Although annual checkups are part of the fabric of the U.S. health care system, some have questioned their usefulness. To determine if you should be visiting your doctor for a yearly physical, consider the following.
How Annual Checkups Began
Before the 20th century, it would have seemed strange for healthy people to visit doctors at periodic intervals to make sure everything was alright. In the 1900s, however, life insurance companies began requiring physical exams throughout the life of policies, instead of just at sign-up. Private doctors quickly embraced the idea, and in 1922, the American Medical Association formally endorsed the practice. Over time, annual checkups became standard; however, in recent years, experts have begun to question the practice.
Are They Really Useful?
Over the past few decades, numerous studies have been unable to show a link between periodic health evaluations and improved health outcomes. In 2012, the Cochrane Collaboration reported on 14 clinical trials which showed that annual checkups have no impact on hospital admission rates, disability, absences from work, additional doctor visits, specialist referrals, or even patient anxiety.
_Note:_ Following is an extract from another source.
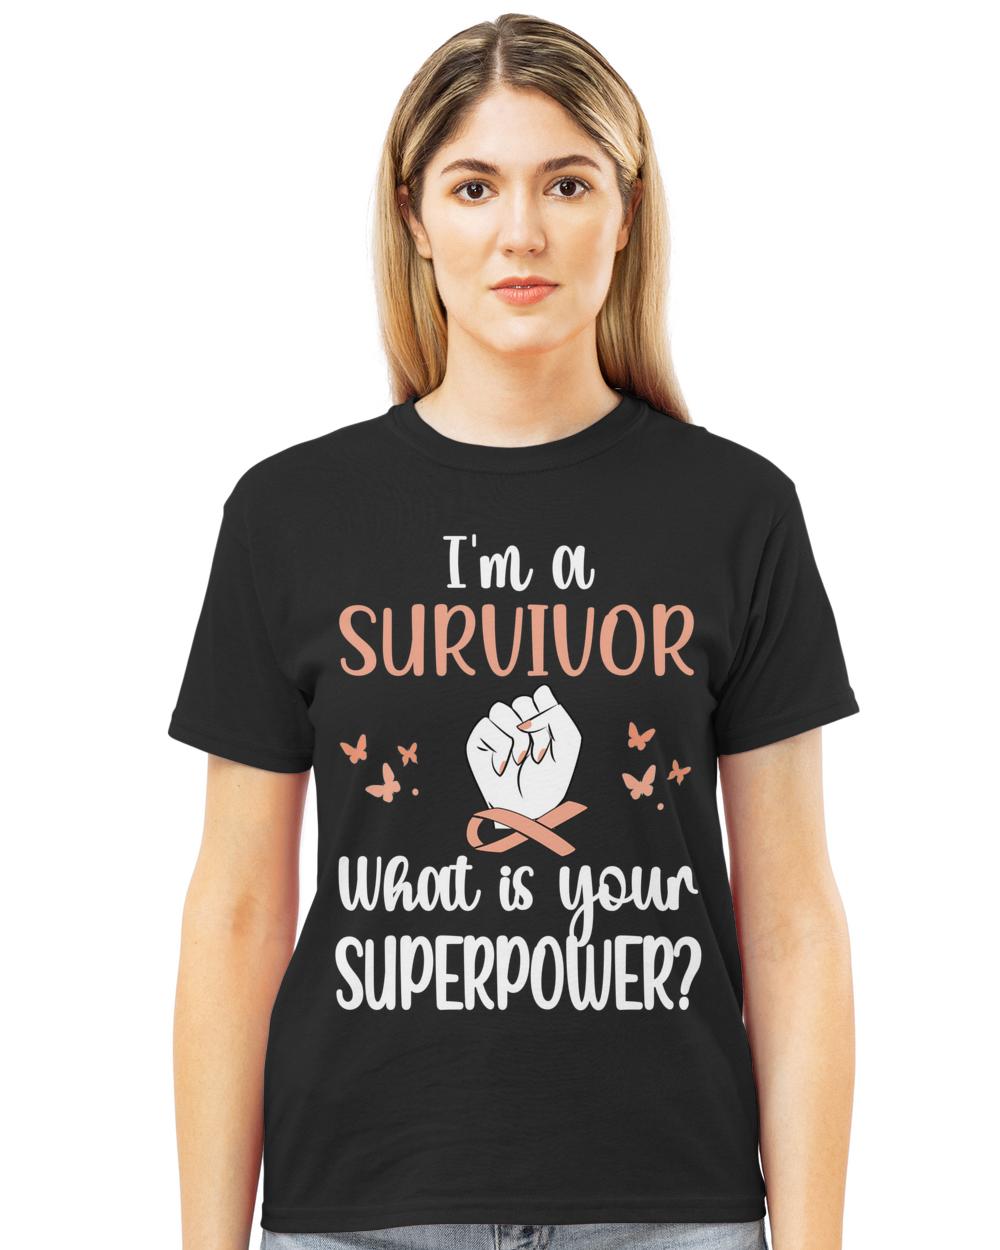 Uterine Cancer Survivor Endometrial Cancer Ribbon T-Shirt

Still, despite these findings, annual screenings can be justified or even necessary for certain people.
Who Needs an Annual Checkup?
When it comes to determining how often a person should visit the doctor, cases vary based on the individual. Because older people are more likely to suffer health problems, it makes sense for a person over the age of 65 to see his or her doctor for regular checkups. Likewise, annual checkups make a lot of sense for people with diabetes, heart problems and any other preexisting condition.
Family history should also be a factor in determining how frequently you visit your doctor for checkups. You should also consider annual exams if you have certain risk factors, including prehypertension or prediabetes.
It’s also important to remember that, while some have questioned the merits of annual exams, they can uncover serious unknown health problems in certain people. If you have a “better to be safe than sorry” mentality, an annual exam may be just the thing to give you peace of mind.